Petra Ecclestone (born 19 December 1988) is a British heiress, model, fashion designer and socialite.

Early life
Ecclestone was born in London as the younger daughter of former Armani model Slavica Radić and English Formula One billionaire Bernie Ecclestone. She has an older sister, Tamara Jane, an older paternal half-sister, Deborah, and a younger paternal half-brother, Alexander.

She attended Trevor-Roberts School, then Francis Holland School, and Benenden School.

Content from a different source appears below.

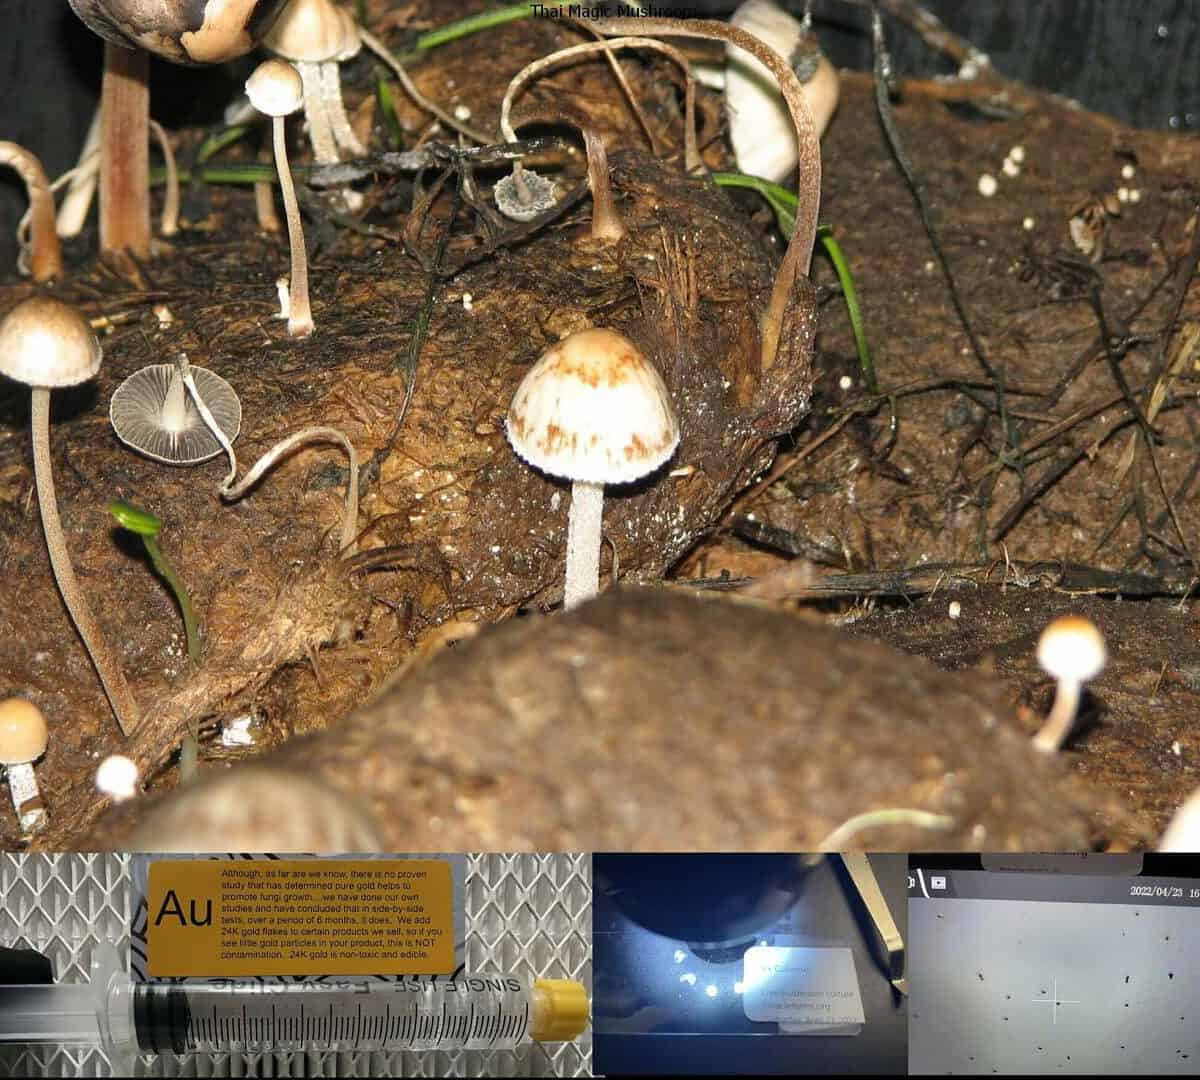 Thai Magic Mushroom spore syringe

She contracted viral meningitis at the age of 14, and told the media that it "changed her life forever". She said "I no longer take my health for granted ... I'm now a health freak and a hypochondriac. I'm obsessed with cleanliness, I eat healthily and take my vitamins." She has since become an ambassador for the Meningitis Trust.

Fashion career
Growing up, she wanted to be a fashion designer. She decided to make menswear because it is a "bigger niche" and because "womenswear was too saturated".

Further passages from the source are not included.